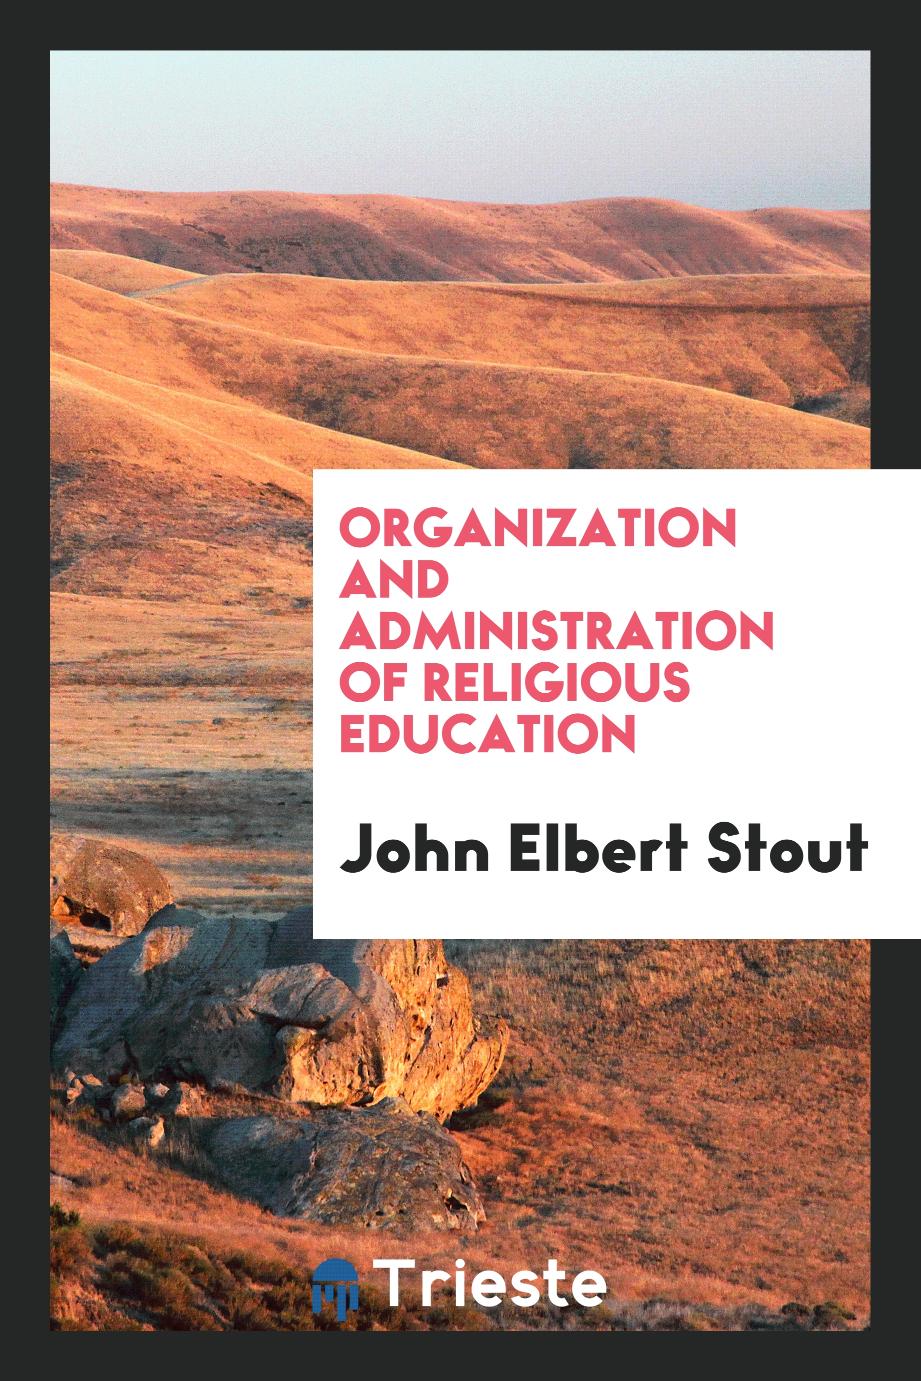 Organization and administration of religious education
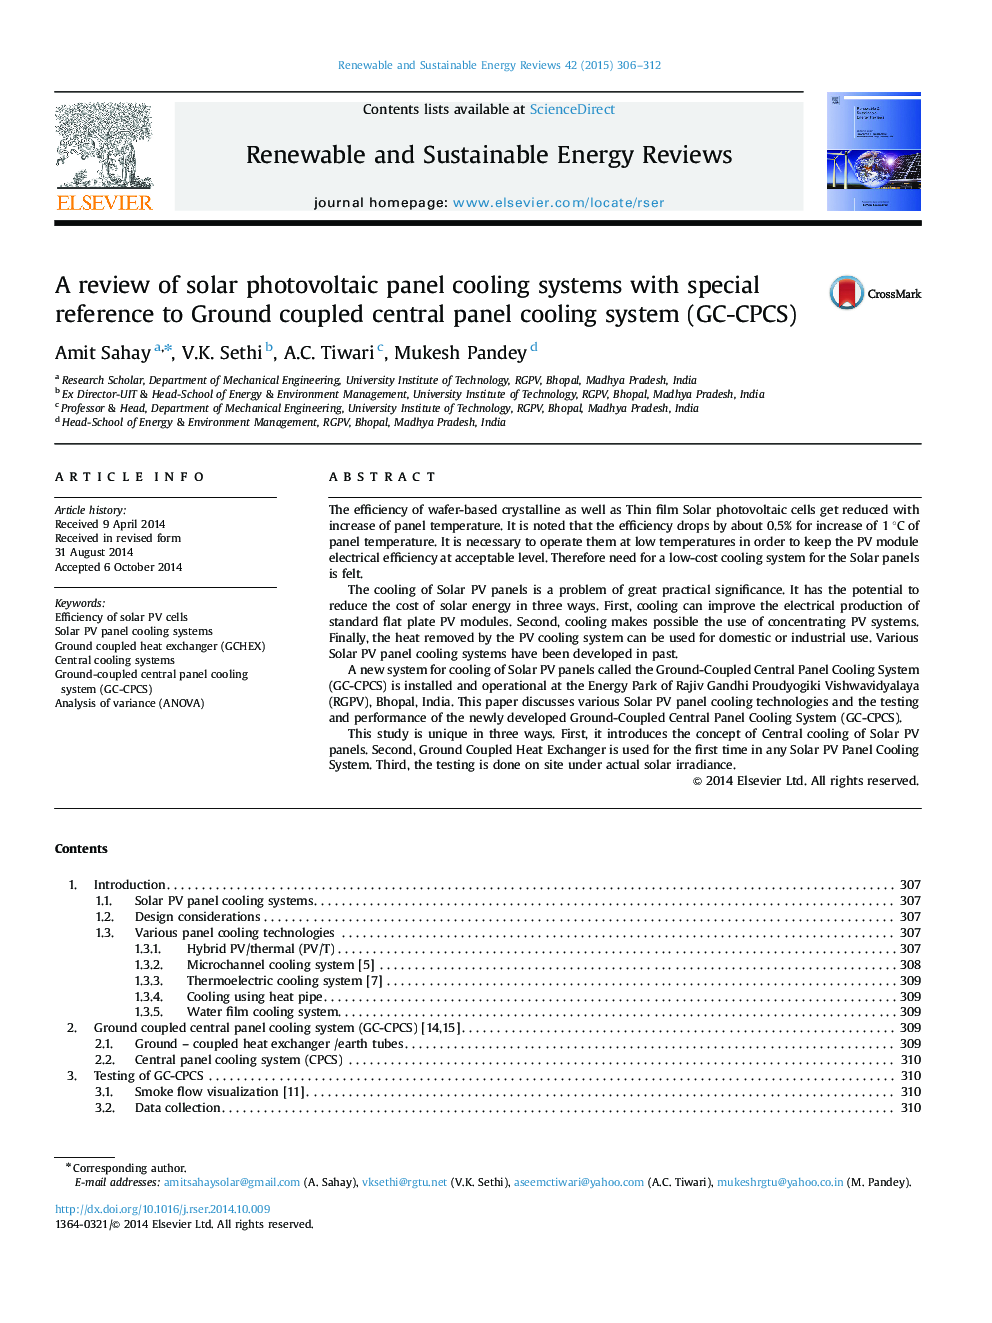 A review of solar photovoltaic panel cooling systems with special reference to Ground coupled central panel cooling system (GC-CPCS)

# # #

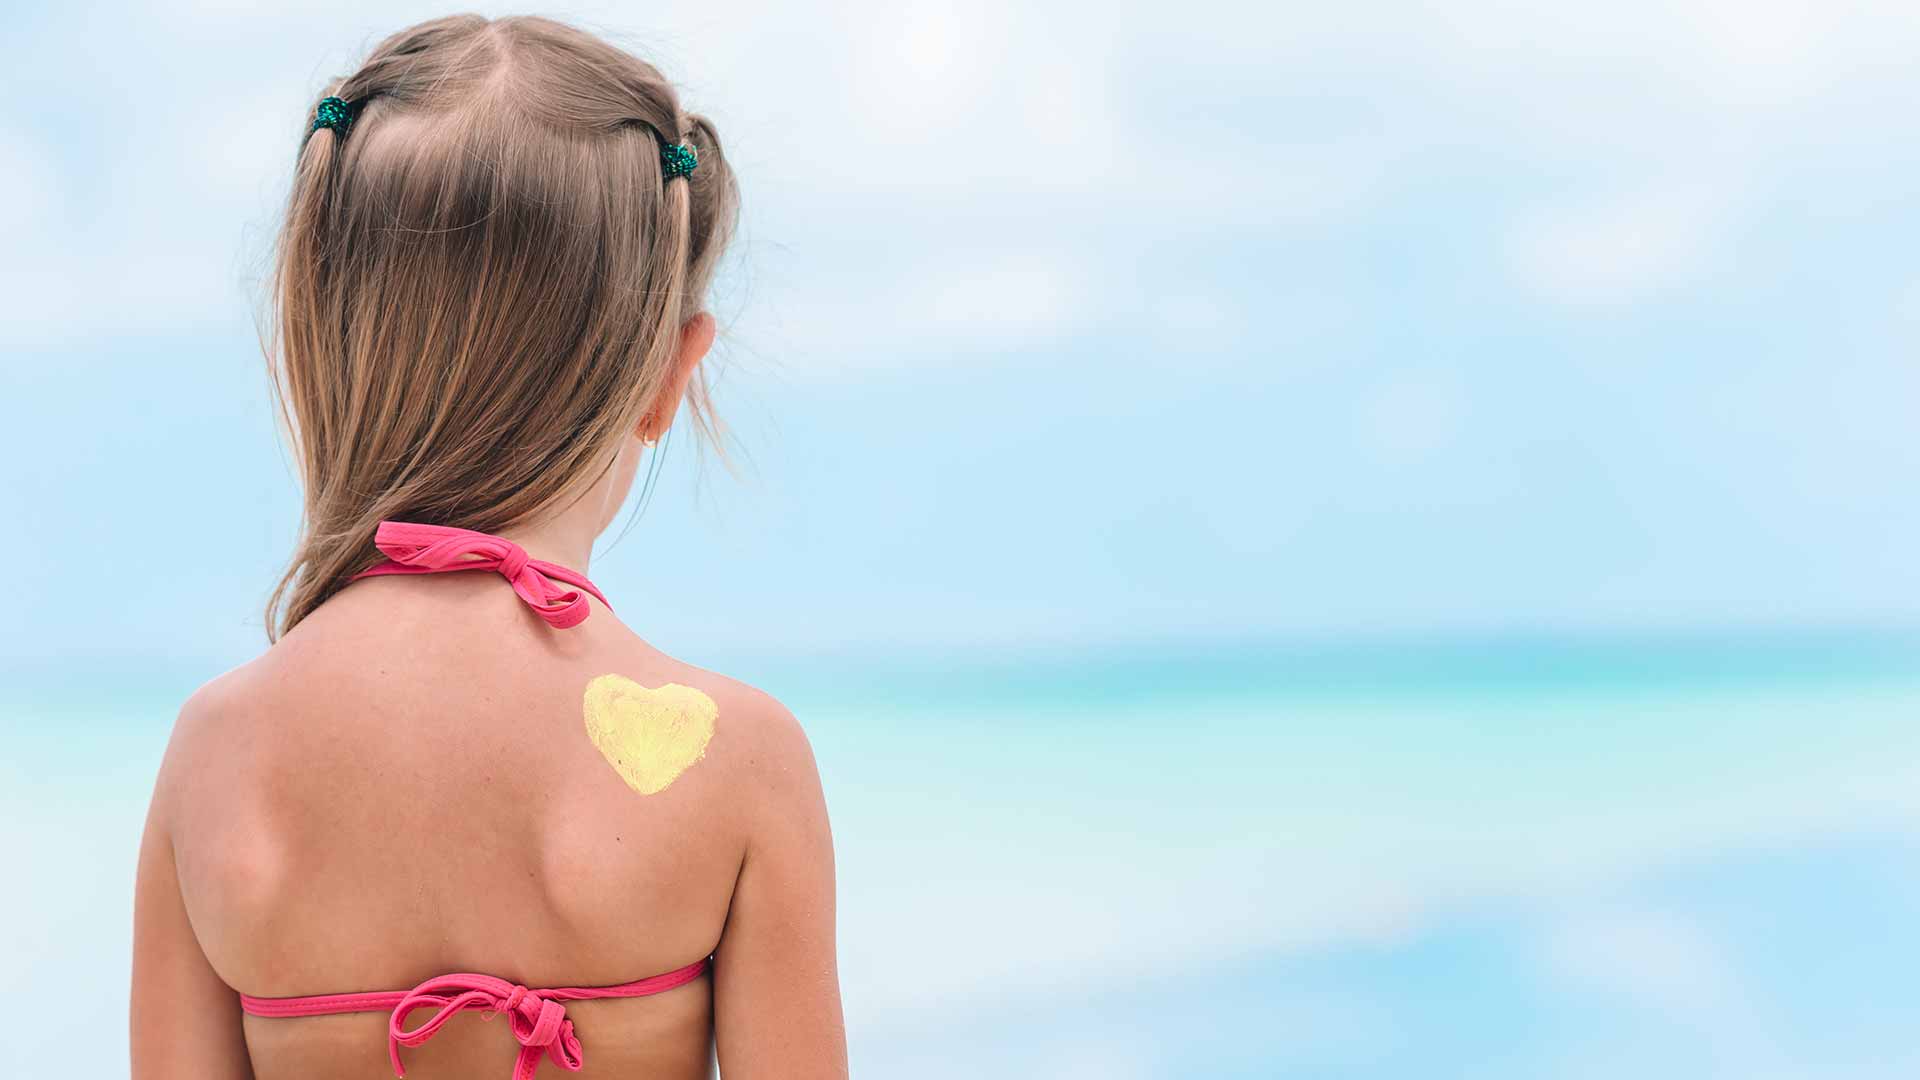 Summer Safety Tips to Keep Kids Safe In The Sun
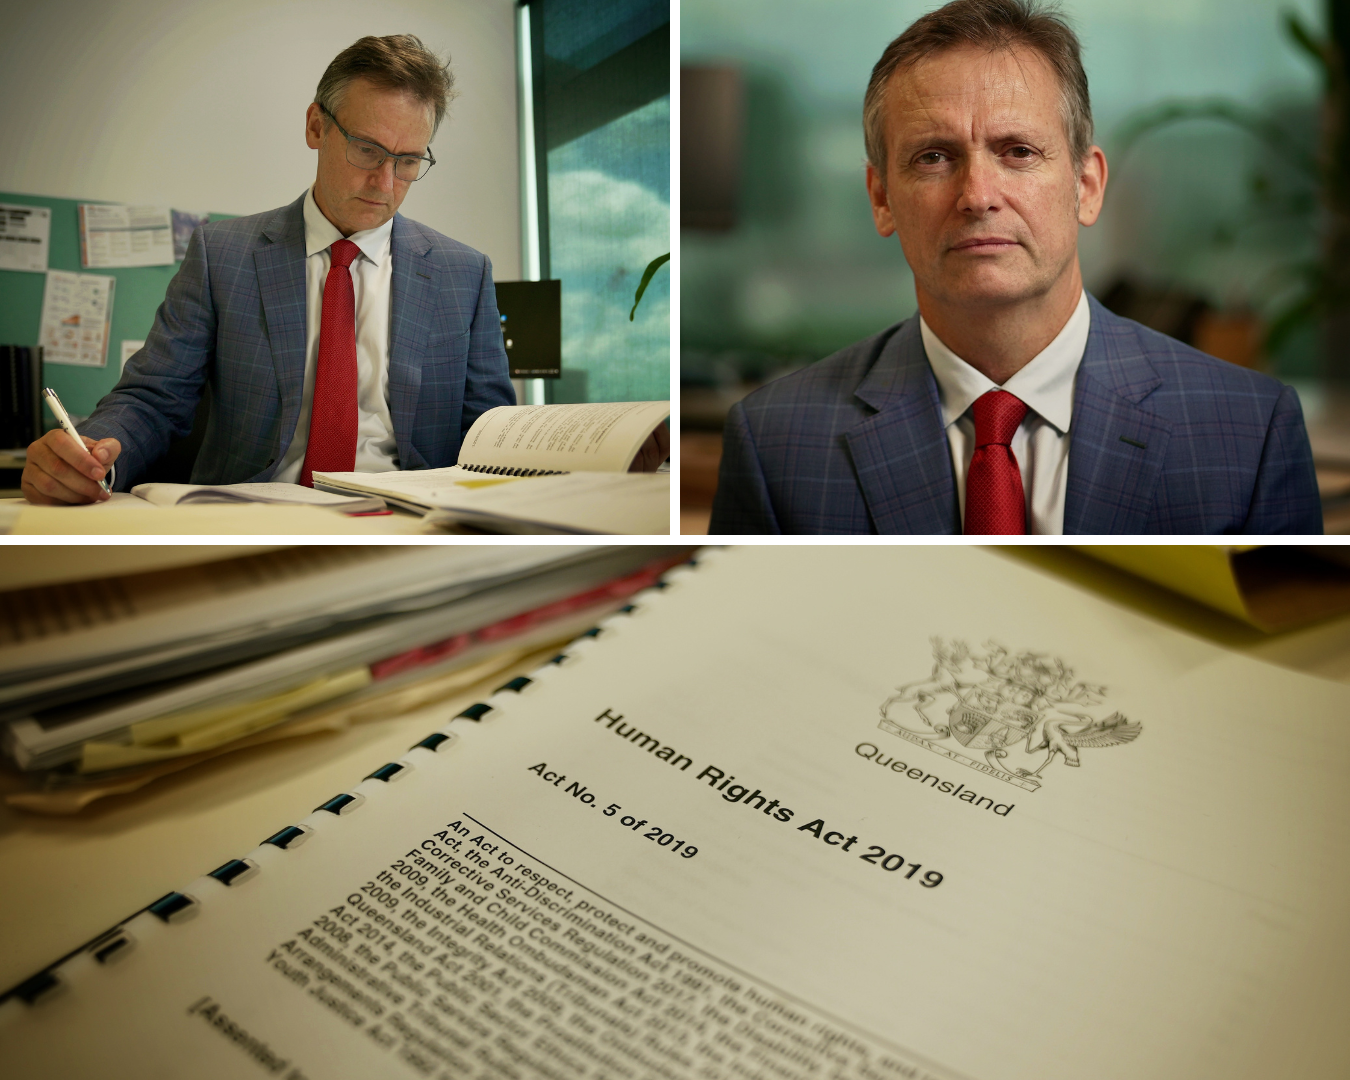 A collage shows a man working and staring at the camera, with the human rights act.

# # #

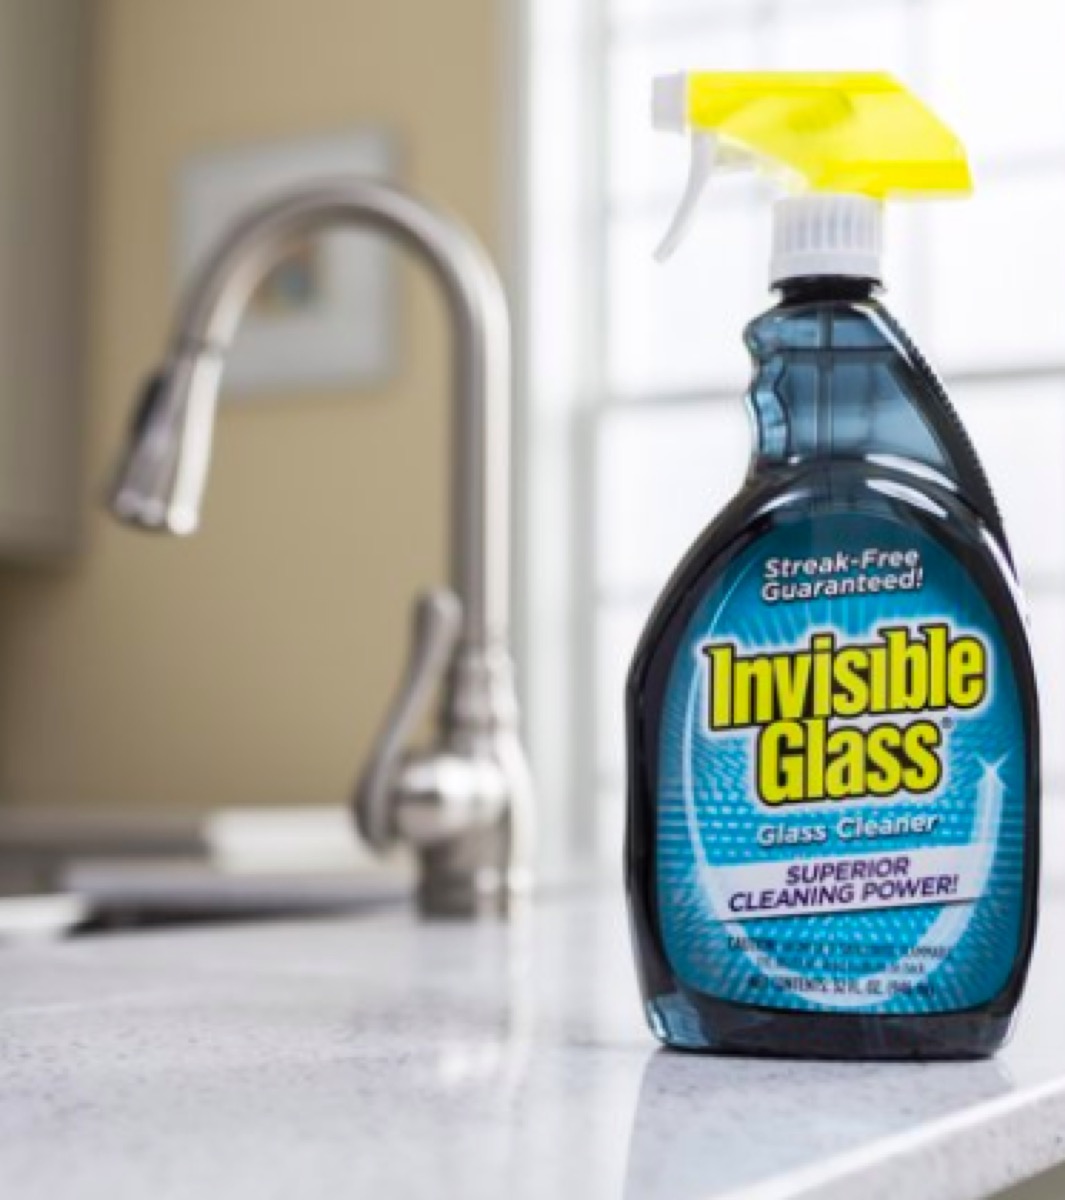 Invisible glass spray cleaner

# # #

• YOUR GOAL: Would you transcribe the lines above exactly, going from the line bearing "Organization and administration" through the line bearing "A review of", and drop the pictures from the copy?

• TASK SOLUTION:
 Organization and administration of religious education
 A review of solar photovoltaic panel cooling systems with special reference to Ground coupled central panel cooling system (GC-CPCS)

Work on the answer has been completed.